Re: [PATCH 00/11] RFC: KBUS messaging subsystem

Tony Ibbs <tibs@xxxxxxxxxxxxxx> · Wed, 23 Mar 2011 23:13:46 +0000

On 22 Mar 2011, at 19:36, Jonathan Corbet wrote:

> On Fri, 18 Mar 2011 17:21:09 +0000
> Tony Ibbs <tibs@xxxxxxxxxxxxxx> wrote:
>
> > KBUS is a lightweight, Linux kernel mediated messaging system,
> > particularly intended for use in embedded environments.

> - Why kbus over, say, a user-space daemon and unix-domain sockets?  I'm
>  not sure I see the advantage that comes with putting this into kernel
>  space.

Mostly, a kernel module gives us reliability.

In particular, a kernel module allows us to guarantee that a replier
that "goes away" (including crashing) will be detected by KBUS, and
cause a synthetic reply to be sent, so that the sender can know that it
will not get a real reply.

This same guarantee means that the sender end of a stateful dialogue can
be reliably told if the replier end disconnects and (some new version of
it) reconnects - in which case state presumably needs to be
reestablished.

Doing this in userspace would be difficult and unreliable.

There are other problems with userspace daemons, including setting up
many-to-many messaging, message atomicity, and so on. Our past
experience of other people's solutions (previous customers in
particular) is that it is perilously easy to get it wrong in userspace,
and especially to end up with race conditions.

> - The interface is ... creative.

That's very tactfully put.

>  If you have to do this in kernel space,
>  it would be nice to do away with the split write()/ioctl() API for
>  reading or writing messages.  It seems like either a write(), OR an
>  ioctl() with a message data pointer would suffice; that would cut the
>  number of syscalls the applications need to make too.

When the reader is reading a message, using 'read' seems very natural,
and is simple to explain. Because we always return an "entire" message
(i.e., one in which all the message data is in one chunk, rather than
a header pointing to message name and/or data), it also means that
memory handling on return to user space is much simplified. Doing an
ioctl first to find out the length of the message to come is also
simple to explain.

Also, in the case of reading a message, I can see clear advantage
in being able to "stream" the reading of the message data (for a
long and appropriately structured message).
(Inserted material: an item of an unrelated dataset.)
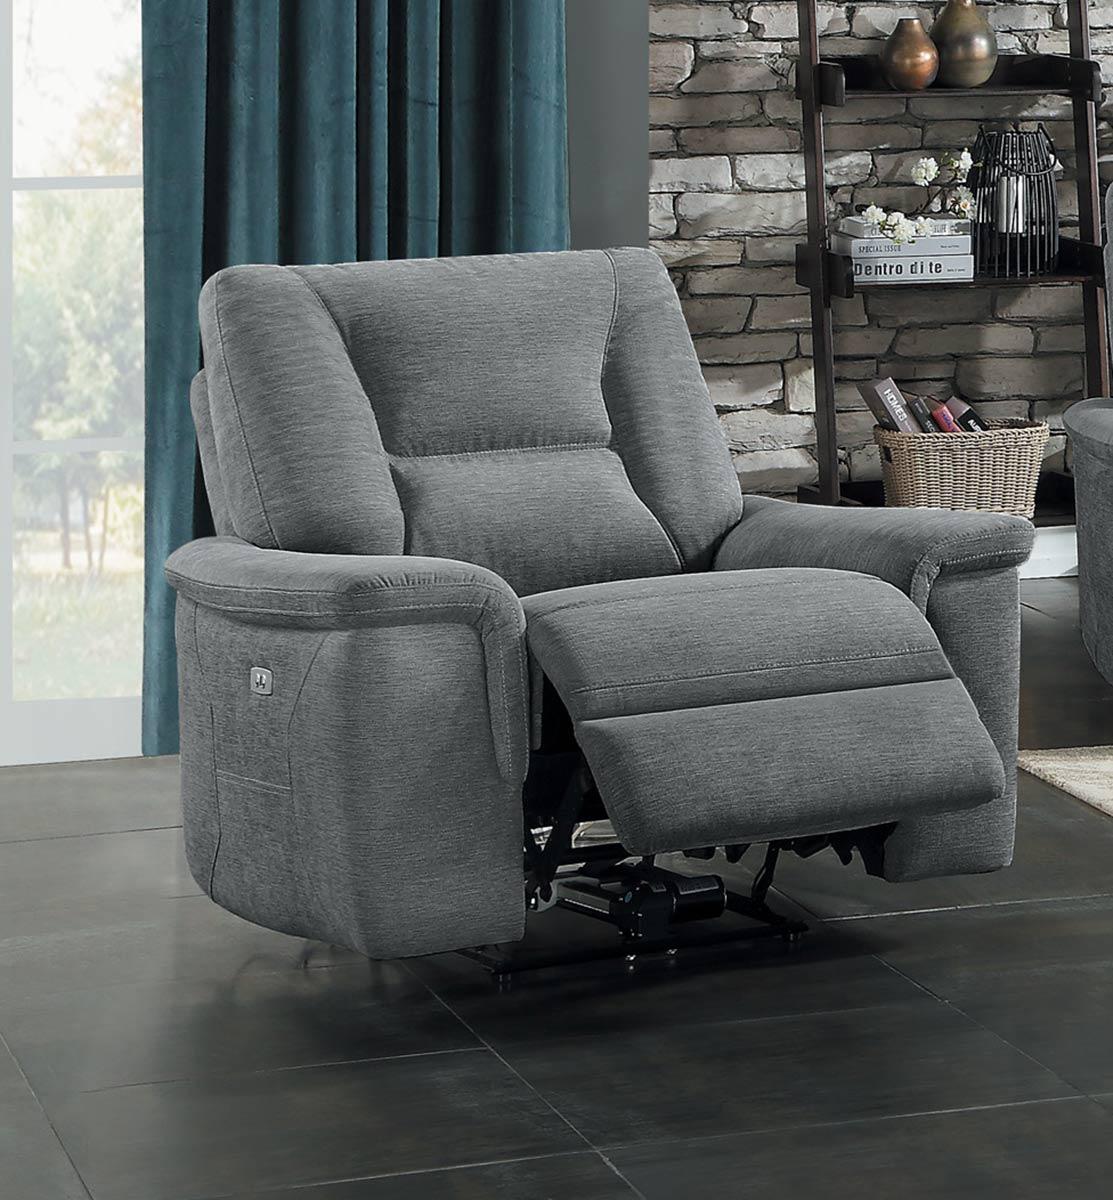 Homelegance Edelweiss Reclining Chair - Metal gray

Writing a message *could* be done with 'write' alone. I must admit that
having 'write' detect the end of the message by looking at it feels
wrong, somehow, but that's not a very compelling answer. It is,
however, definitely easier for the user to understand the error if
they try to <send> and get told they haven't written enough data
yet, rather than just waiting for the 'write' to magically complete.

There is also a certain symmetry to using <nextmsg>/'read' and
'write'/<send>, but as you said at the start, it's a bit unusual.
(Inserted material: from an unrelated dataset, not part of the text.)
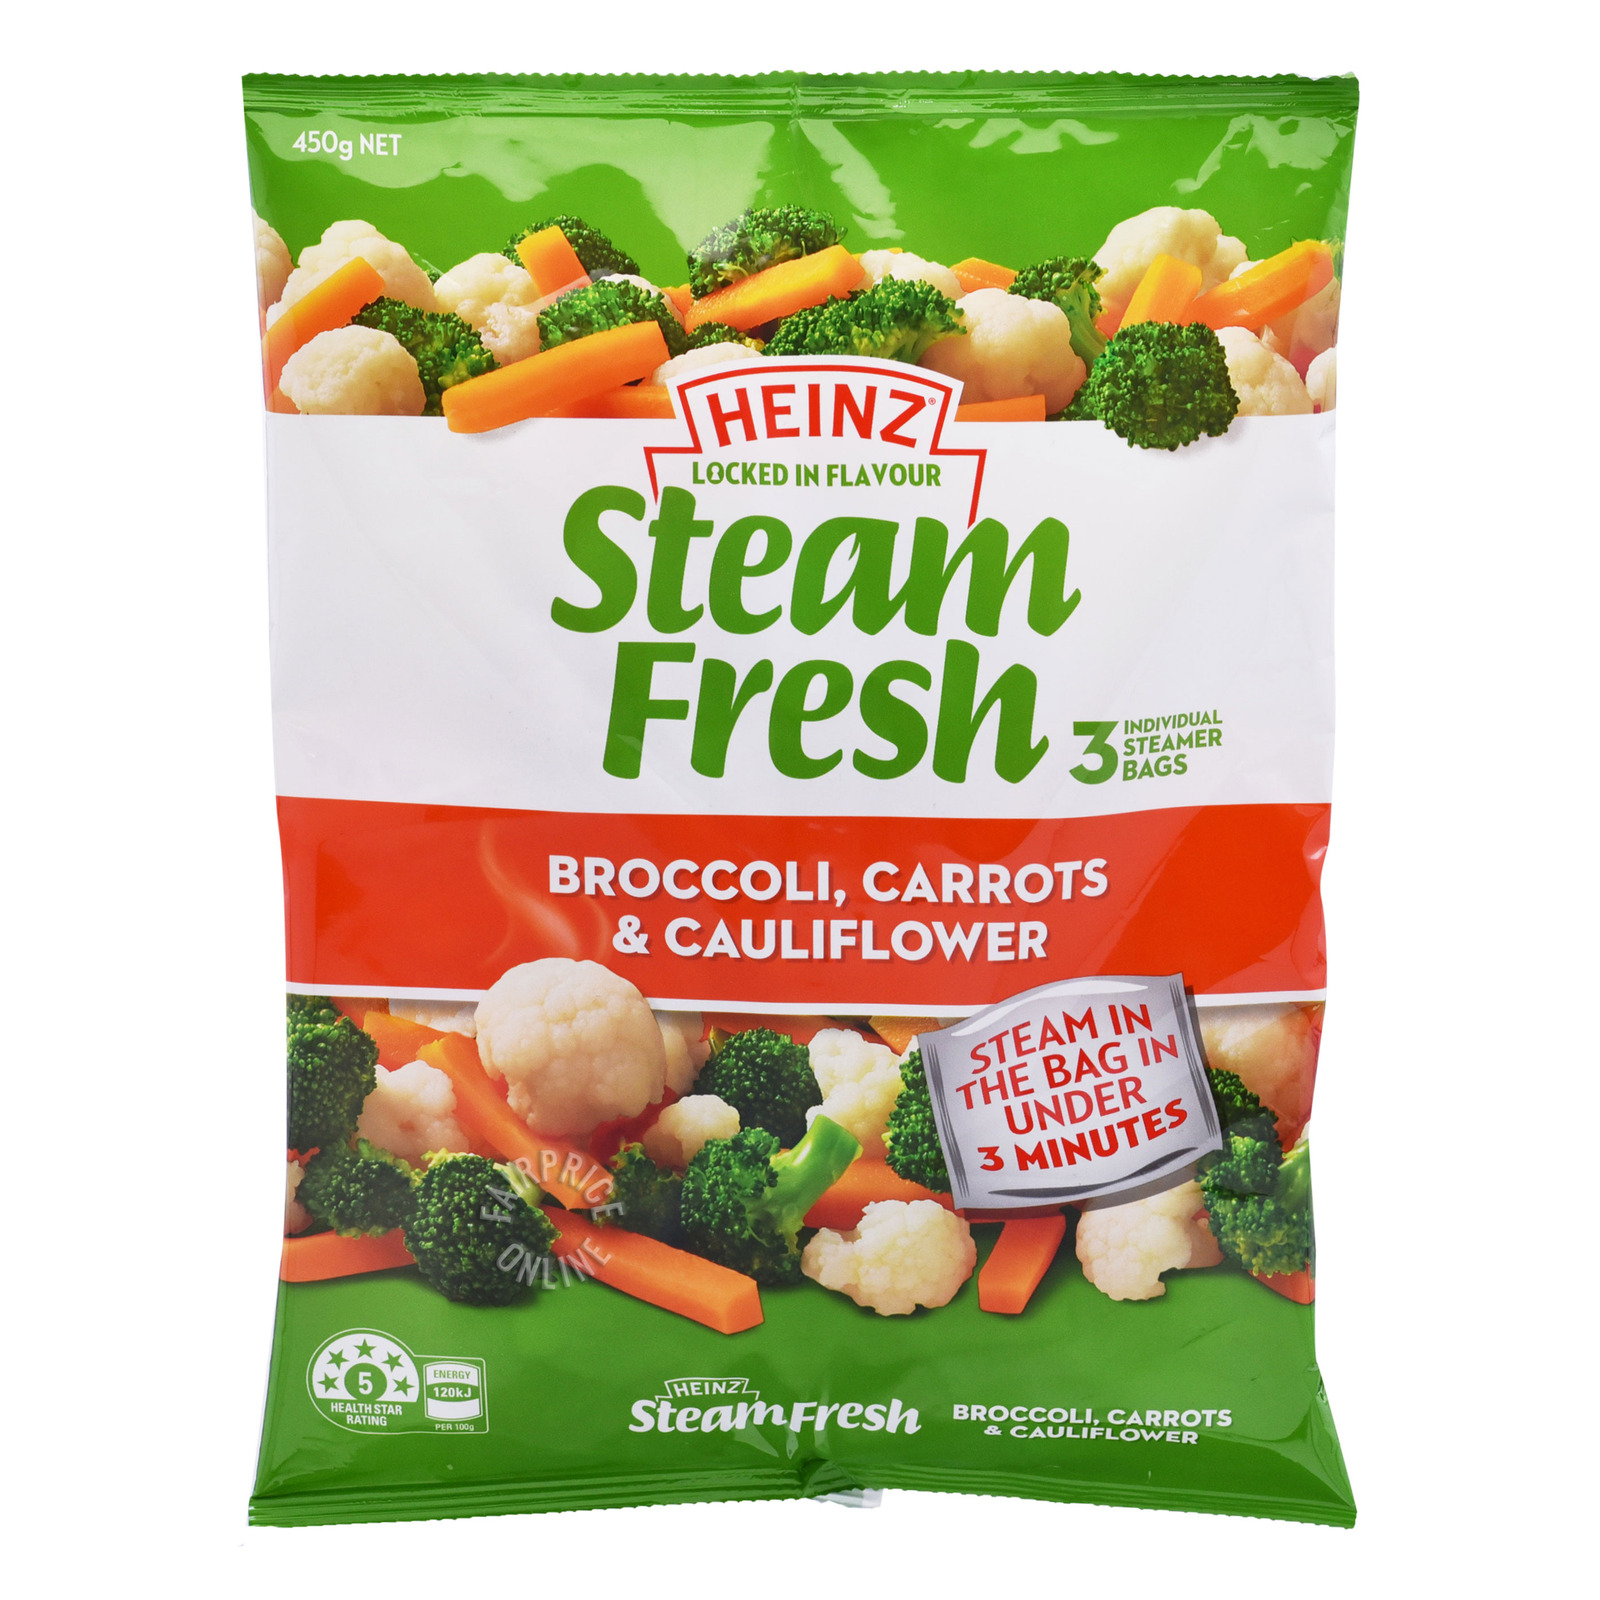 Heinz Steam Fresh Vegetables Bags - Broccoli,Carrots&Cauliflower

Using an ioctl instead of 'write' would involve a more complex ioctl
than we're otherwise commonly using, would lose the symmetry, and just
didn't feel right. It also means pointer handling for even the simplest
message.

>  Even better might be to just use the socket API.

Whilst the current API is a bit odd, trying to use the socket API looked
to us as if it would be a worse fit.

The socket API doesn't seem to match what we wanted KBUS to do
particularly well. It's not, for instance, obvious how to do a 'recv' of
a variable length message that might be quite short or several hundred
KB long - does one 'recv' the header first, and then the body (which
isn't very nice)? Doing a 'next message' ioctl as current KBUS does
would feel really alien in a socket environment.

Of course, we'd still have to invent our own addressing scheme, and our
own ``struct *addr``, and appropriate socket options, and also decide
how the common options should apply or not (for instance, SO_ACCEPTCONN,
SO_BROADCAST). And how to work with accept/listen/bind and all the other
common calls.

Also, lazily on my part, it's fairly obvious how to write a file
interface for the kernel, but the socket API (from the inside) appears
to be more complex, and to have fewer examples with training wheels.

We *could* reimplement in terms of sockets, but I think the code would
get a lot bigger, and I think using the system would be a lot harder to
explain (I don't think the current message name binding mechanisms would
get any clearer, for instance).

And some of the semantics of KBUS (the sending of a message to say that
the expected replier has been replaced by a new one, for instance) seem
to fit oddly with how people expect sockets to work. Or being told that
the far end has gone away, or is not who one expected it to be.

Also, I'm afraid my experience is that people find sockets hard to
understand (not necessarily justifiably), whereas explaining KBUS to its
intended users is fairly simple - one can assume they know about file
interfaces, and people fairly easily accept a few "odd" extra calls. But
that may not be a very compelling reason from the inside of the
kernel...

> - Does anything bound the size of a message fed into the kernel with
>  write()?  I couldn't find it.  It seems like an application could
>  consume arbitrary amounts of kernel memory.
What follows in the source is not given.